Когда я иду этой дорогой, я всегда изображаю собственного гида. Вот здесь Хаген покупал комиксы. Здесь он выкурил первую сигарету, там увидел первый лобок, а там второй… Глупости всё это. Забудем.

Мимо гимназии Оскара фон Миллера-массивное здание старинной постройки. Из мрачного центрального портала выбегает толпа младших школьников, они толкают меня, чуть не сбивают с ног. Некоторые из них отпускают в мой адрес наглые высказывания. Ещё и кривляются с негритянским приплясом.

Так и хочется изловить пару экземпляров и подготовить их как следует к грядущим жизненным испытаниям, но потом я вспоминаю, что мои собственные школьные времена были адом, по сравнению с которым все дальнейшие жизненные испытания могли показаться вполне терпимыми. Так что я разжал кулак и скрылся от полуденного зноя в тени каштанов. Оттянув майку, почувствовал терпкий дух своих испарений.

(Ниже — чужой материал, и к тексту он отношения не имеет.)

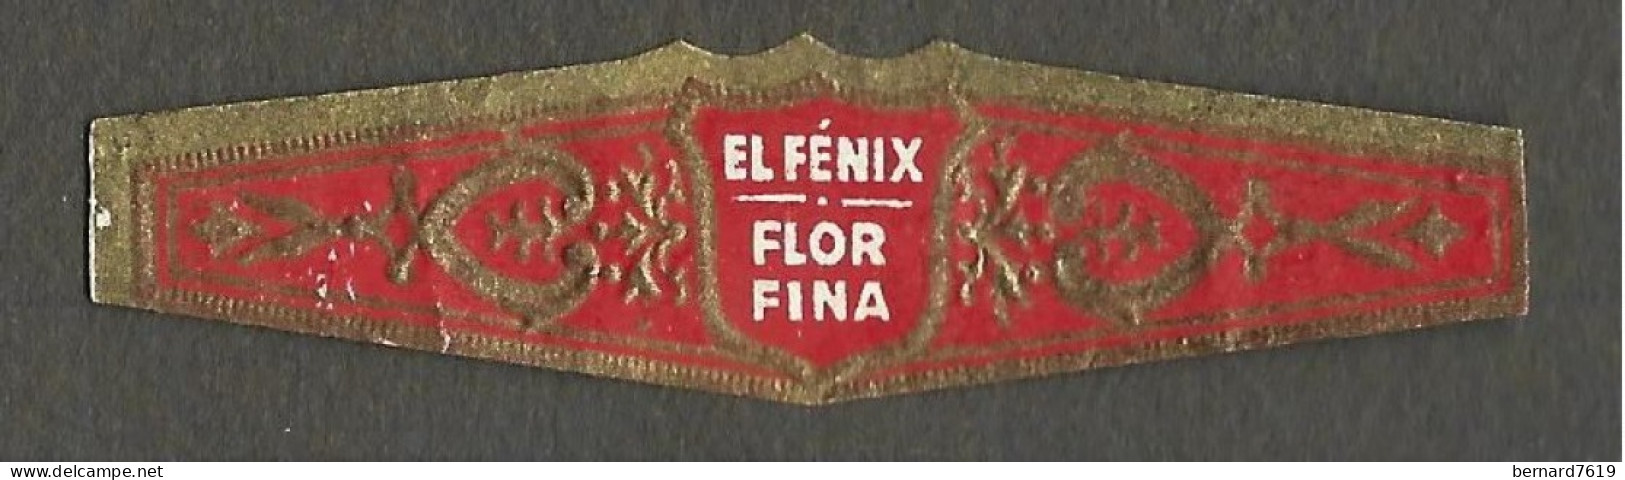 Bague De Cigare   Ancienne  1870 - 1920 - France  - El Fenix  Flor Fina - Bagues De Cigares

Меня беспокоили мои башмаки. В них можно было ходить только по прямой и строго вертикально, медленно перекатывая ступни с пятки на носок, чтобы подошвы не продолжали отрываться от верха. При каждом шаге раскрывалась кожаная пасть, прося каши. Воровать обувь не так-то просто. А на благотворительных раздачах бывает только дрянь. Можно было бы неплохо поживиться в раздевалках спортзала-но там легко попасться. Обворованные спортсмены — народ горячий, они тебе спуску не дадут…

Сунувшись в задний карман, я вспомнил, что богат. Очень хорошо. Тут же сделал крюк и купил на распродаже кроссовки. Не особенно люблю кроссовки, но быстрая ходьба важнее.

Вязкий, горячий воздух облепляет меня. Стискивает. Чувствуешь себя как боксёр в пятнадцатом раунде. Провисаешь и задыхаешься, бьёшь в пустоту и отшатываешься к канату.

Мне уже недалеко. Ещё три улицы — две маленькие и Леопольд-штрасе. А оттуда уже будет видна площадь Мюнхенской Свободы. Ничего себе название для площади! Вечный предмет для шуток.

Чёрный юмор. Мальчик, если ты ищешь свободу, она чётко обозначена на карте города.

Моя семья обретается тут целыми днями.

Каждого из них можно спросить о чём угодно. Они всё равно будут клянчить пива. Такова уж их восточная манера — говорить иносказательно. Повидавшие виды, совершенно опустившиеся люди.

Я машу через улицу с четырёхполосным движением и жду, когда появится просвет в потоке машин. Фред машет мне в ответ.

Глаза у него острые. Он небрежно облокотился на парапет входа в подземку — вместе с остальными нашими братьями-сёстрами, неподалёку от парковых шахматных столиков.

Я всегда рад их видеть — мою семью. Картина сказочная! Вот уж паноптикум — вся зоология сверху донизу, калейдоскоп наиредчайших генов.

Самый заметный — Фред, бывший матрос — богатырь из Гамбурга, руки сплошь в татуировке. У него ещё осталось немного волос на задней половинке черепа, остальная голова лысая и какая-то угловатая. На всех видимых участках кожа натянута, как на барабане. Высокий лоб, массивный нос. Высасывает в день полтора литра шнапса. Вспыльчивый мужик с чувством собственного достоинства, он уже не по одному разу поколотил всех своих братьев и многих сестёр. Только я избежал этой участи. Ко мне он испытывает необъяснимое уважение. Он уверен, что я не в своем уме и, если меня побить, это принесёт несчастье.